Weekly Snapshot | January 8 – 12

Happy 2018 Traders!

I want to you a very successful year ahead. The second-half of 2017 was one of the slowest patches I have ever personally experienced in the markets, but that isn’t some that that disheartens me – it’s just a reminder that we have to be flexible. Markets are like a drum beat; sometimes steady and slow, sometimes fast-paced and erratic, but they are also cyclical. All you need to do is haul up your own charts and see for yourself. Sometimes prices rocket off in a direction, and other times they do very little.

It’s the patient trader who recognises that there are periods where we make a lot, and other periods where we need to sit on our hands and does whatever is required in that period, who sees long-term success. There is no shortcut here.
You cannot will the market to do what you want.

In that light, I wanted to share a quote that was shared with me not too long ago that I have found very useful and sums up a lot of the ups and downs of trading.

The goal of life is not always to maximize your returns; sometimes, potential gains must be balanced against the possibility of losses. That’s why we need to occasionally consider minimizing regret.

-Barry Ritholtz

Looking ahead

Personally, I see 2018 having three major themes for myself.

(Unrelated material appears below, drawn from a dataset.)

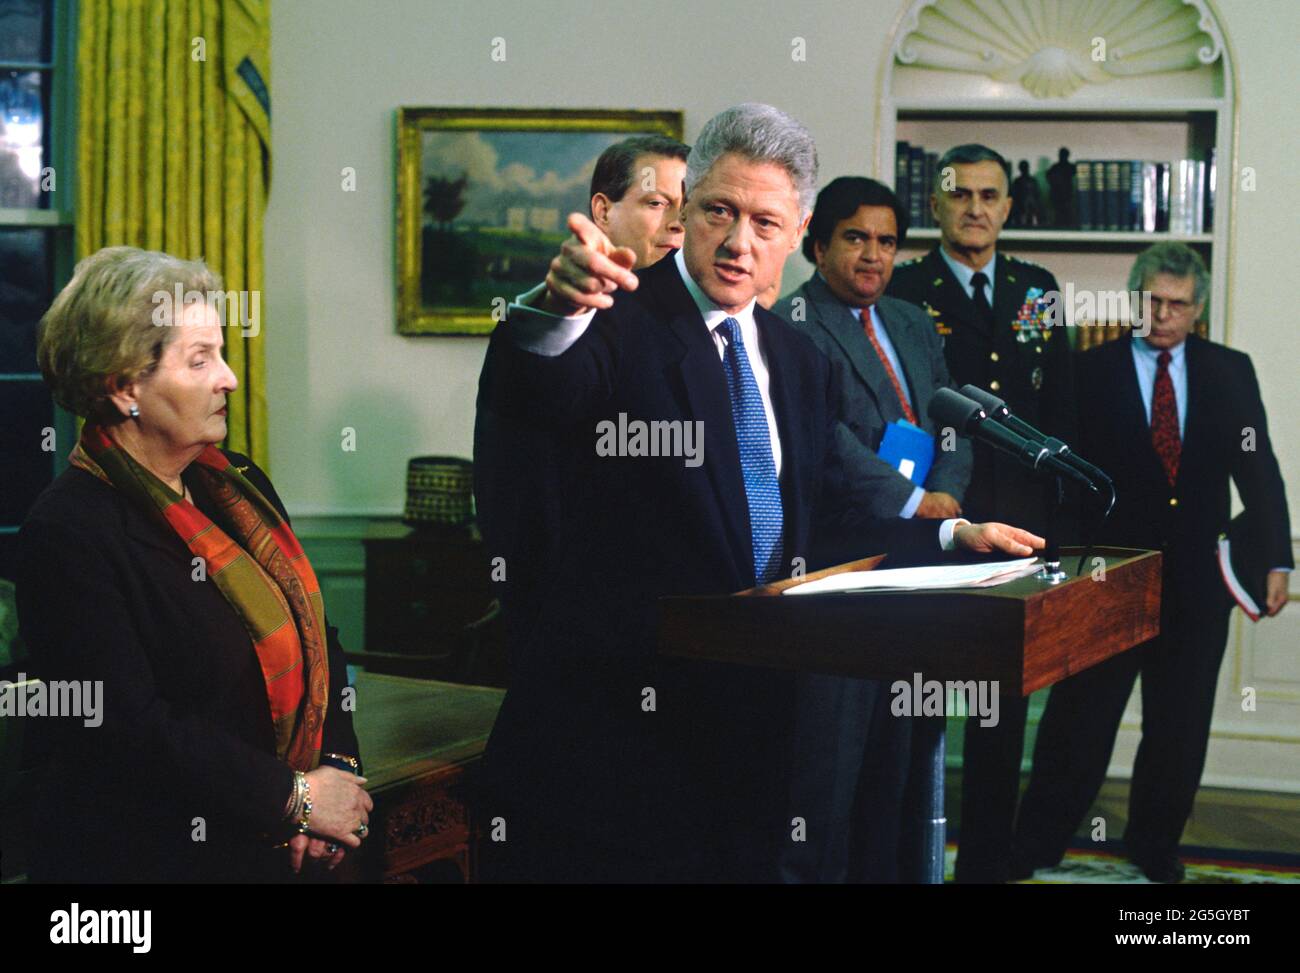 Washington, DC, USA. 23rd February 1998. U.S President Bill Clinton delivers a statement on Iraq from the Oval Office of the White House February 23, 1998 in Washington, D.C. Standing with Clinton from left to right are: Secretary of State Madeline Albright, Vice President Al Gore, Ambassador Bill Richardson, Joint Chiefs Chairman Hugh Shelton and National Security Advisor Sandy Berger. Stock Photo
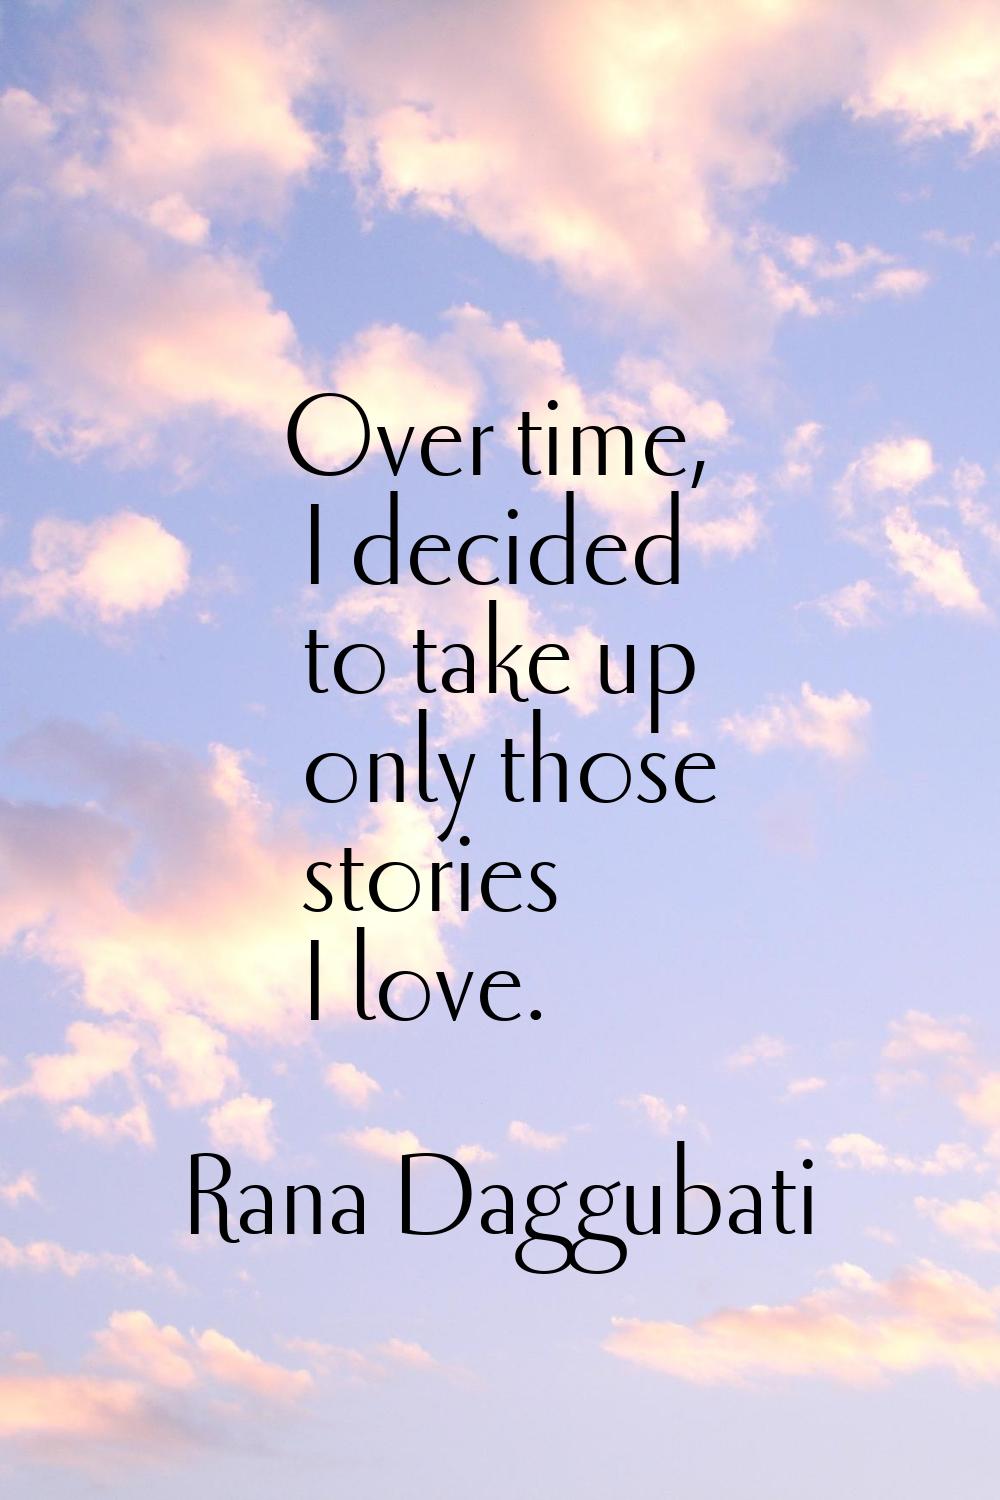 Over time, I decided to take up only those stories I love.

  1. Keep on doing what we’ve been doing. Our managed products go into 2018 with 7 months of small, but consistent wins behind them. I think 2018 is finally going to see some nice breakouts in price and you can be sure that we’ll be riding those waves.
  2. Automation. I am automating a lot of my own trading. My goal isn’t for the ‘bots to take over. Instead, I am using the technology available to:
    • Aid me through statistical learning models in improving trading performance
    • Alert me to new setups
    • Manage open positions
  3. Cryptos. Yep, I’m going there. I think 2018 is going to be a very important year for crypto-currencies. If you’re an active member of our trade room, you’ll know that we often chat about crypto markets, for many reasons. Cryptos, and the technology behind them, are going to change the world (in some ways they already have).

Let’s look at a few pairs that look rather interesting this week.

GBPUSD

Cable finds itself in an interesting spot. Price is right up against the 2017 high at 1.36 and has broken above descending resistance (red trendline). With price squashed now above that trendline (as it acts as support) and resistance seen near the 2017 high (blue trendline) we’re sure to see a “pop” soon.

Nothing I have seen yet suggests that the uptrend is over – however, selling pressure just a bit higher up (1.3650’s, marked by the red circle) may give us the clue we finally need.

Trade idea: Although closing prices suggest that the important “decision” zone for GBPUSD is at 1.3600, price can’t make up it’s mind at this point. The solution will be a stab higher, or lower, to test out the market at those levels. Given the current structure, I think a move higher is likely. At 1.3650-1.3700, we’ll start to see if the buyers have any real conviction or if it’s time for USD strength and longs here are just a rather clever bull trap.

An upside break opens up 1.3850, while a move to the downside see’s 1.30 coming into focus. Both lovely opportunities to bag a nice big winner. This is a pair worth watching closely.

EURUSD

The EURUSD ended last week off with a bit of weakness, and has continued to drift lower today. It’s too early to sell.

I’ve purposefully zoomed this chart out a bit for some perspective – the bulls have been in charge for awhile, so any short trades need to be considered carefully. A pull back to horizontal support (1.1930, blue line) or even further to the red trendline doesn’t constitute a reversal on the pair. Both levels are likely to see buyers step in with the trend.

Trade idea: I want to see what price does when it reaches either the horizontal or dynamic (trendline) support. Should price fail to hold at those levels, we may see a major reversal on the cards. On the other hand, a bounce would target recent highs and potentially opens the way to 1.28. Another important pair at a very important level.

EURNZD and EURAUD

I’m combining these pairs into a single commentary because we’d trade them the same way, and they look very similar.

Charts first. EURNZD and then EURAUD:

We see price having convincingly broken through trendline support, and retesting it from below. We also have a head and shoulders pattern printing. Similarly on EURAUD:

Price has broken through the supporting trendline and is peeling lower. We have support coming in at 1.51, 1.48 and 1.47

The EURAUD and EURNZD are currently highly correlated. As such, a short on both is really the same position, twice (you’re betting on the same move). Either split your risk, trade only a single one of them, or accept that you are doubling up.